While the report does not engage in an economic analyses of the consequences of adoption of any alternative diet, and the economic impact from reduction of animal production, it acknowledges the obvious: the impact would be substantial. But the land-use scenarios do point to alternative means for the farming community to survive changes in consumer preferences, at least to some extent. In the Irish context, a change in consumer preference for food products grown in environmentally sustainable ways (such as grass-fed beef), which added value to the products, would serve to offset some reductions in volume.
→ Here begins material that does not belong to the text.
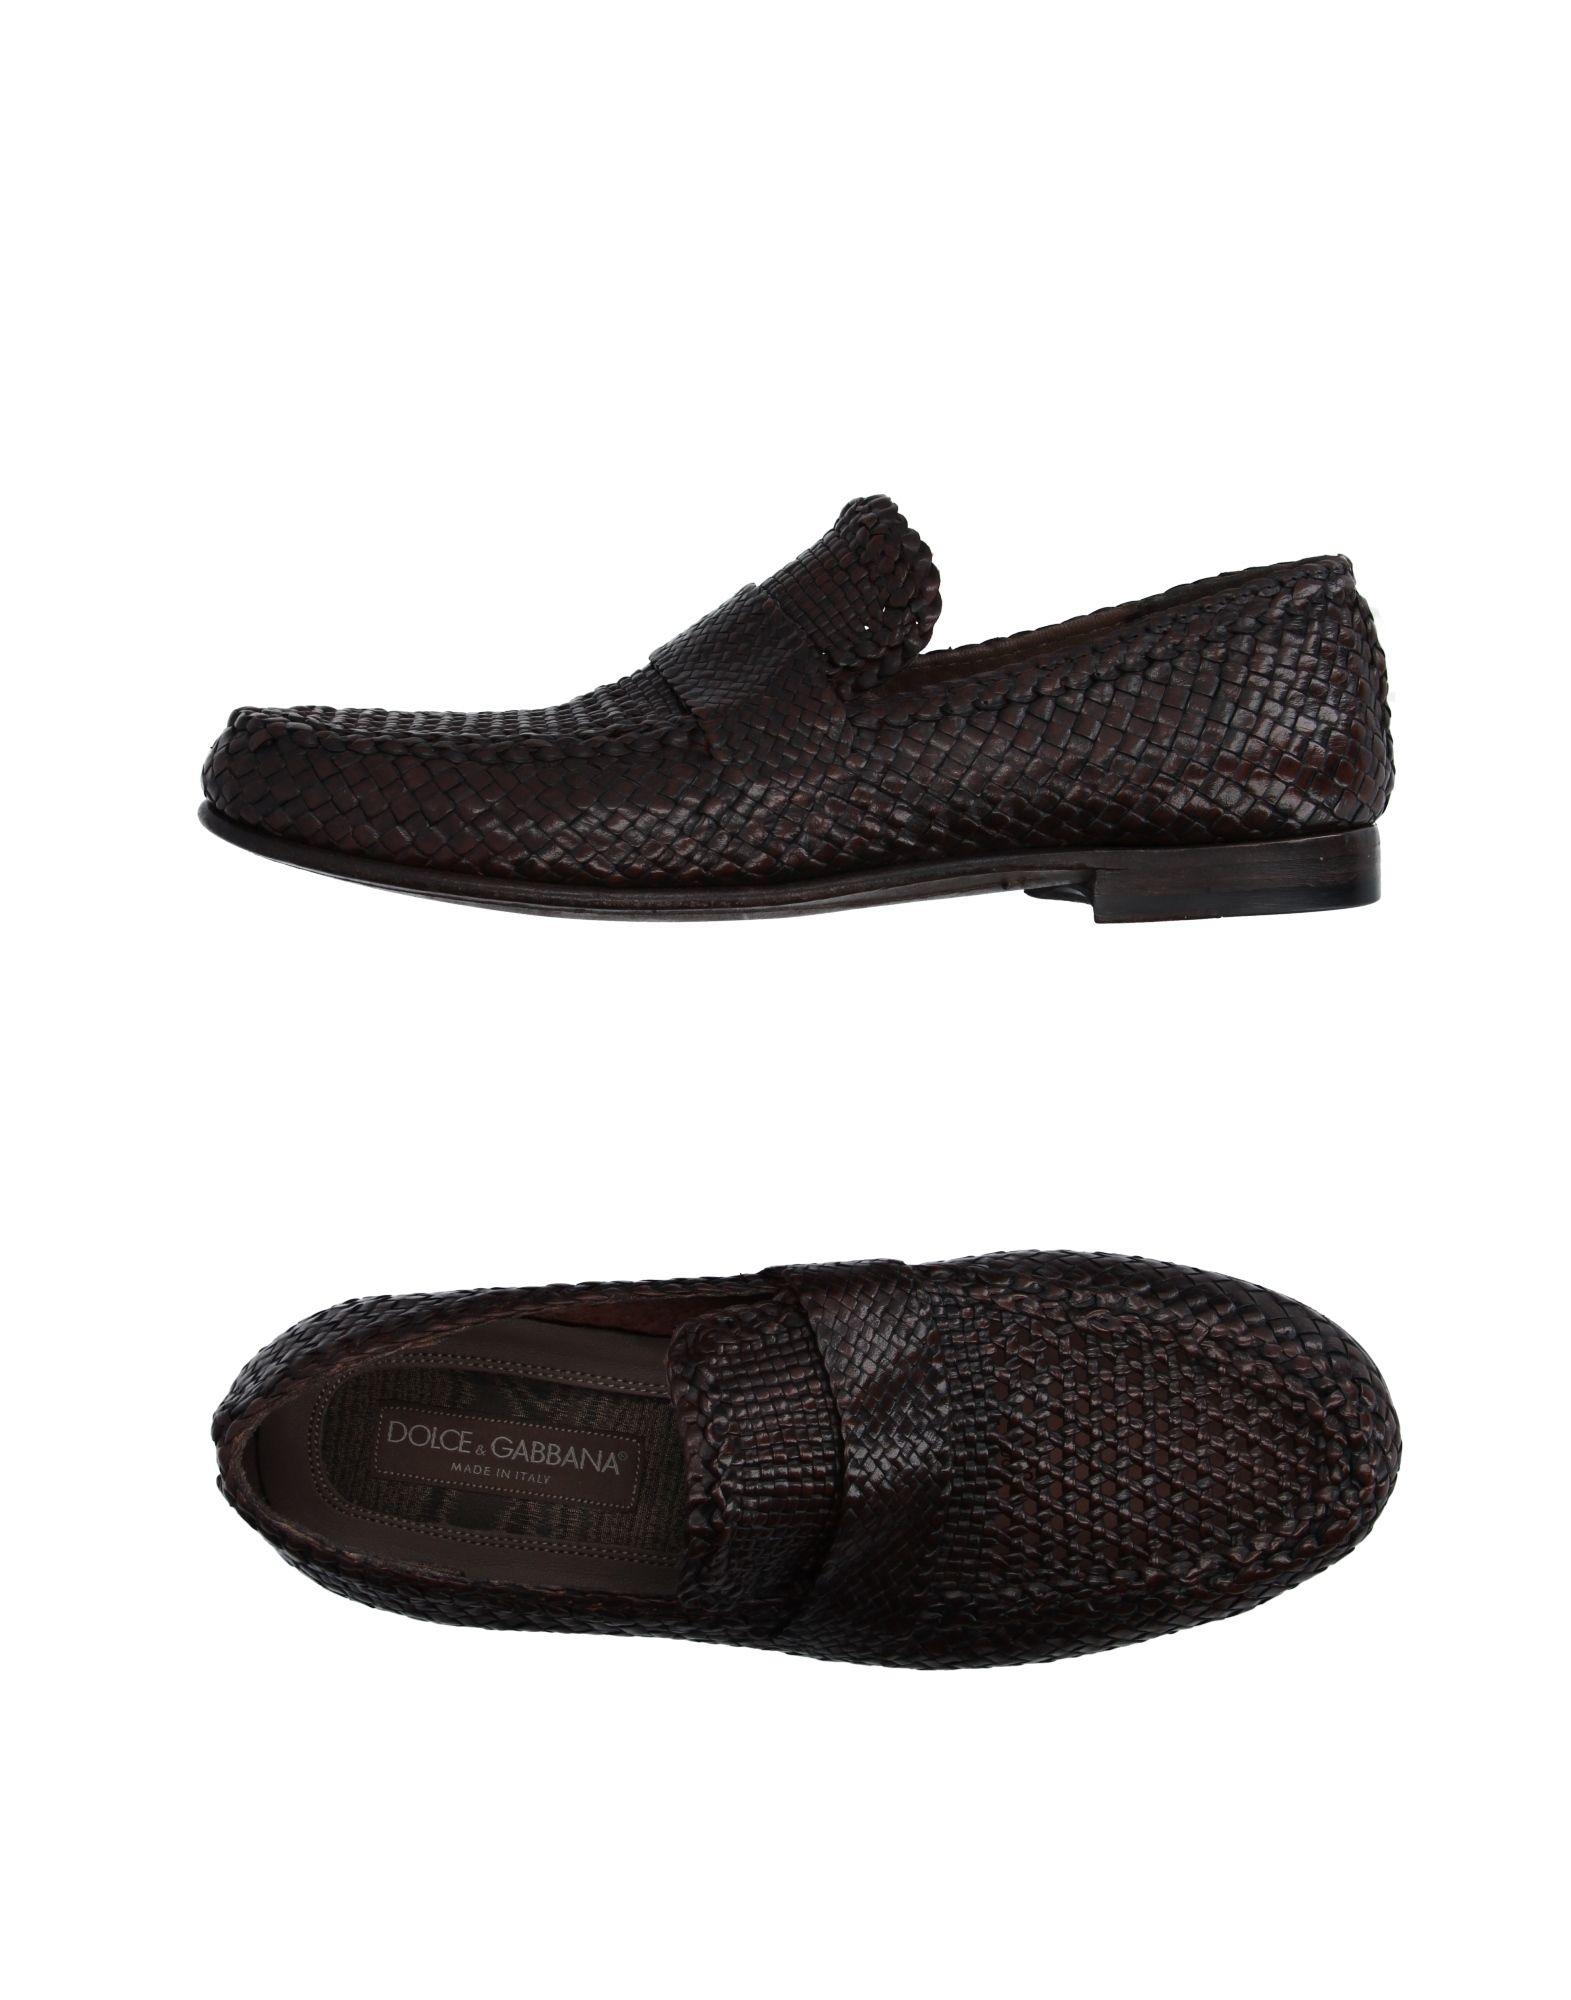 Dolce & Gabbana Mokassins Herren  11130403GB Gute Qualität beliebte Schuhe

Nevertheless, the increase in methane emissions from the growth of agriculture in Ireland would continue to be deeply problematical.

One of the strengths of the report is that it explores how the dietary changes could produce a “cascade of effects,” from reduced production of livestock and manure, lower feed demand, lower nitrogen and GHG emissions, and making agricultural land productive of uses less damaging to health and the environment.

Sources

Westhoek H., Lesschen J.P., Leip A., Rood T., Wagner S., De Marco A., Murphy-Bokern D., Pallière C., Howard C.M., Oenema O. & Sutton M.A. (2015) Nitrogen on the Table: The influence of food choices on nitrogen emissions and the European environment. (European Nitrogen Assessment Special Report on Nitrogen and Food.) Centre for Ecology & Hydrology, Edinburgh, UK.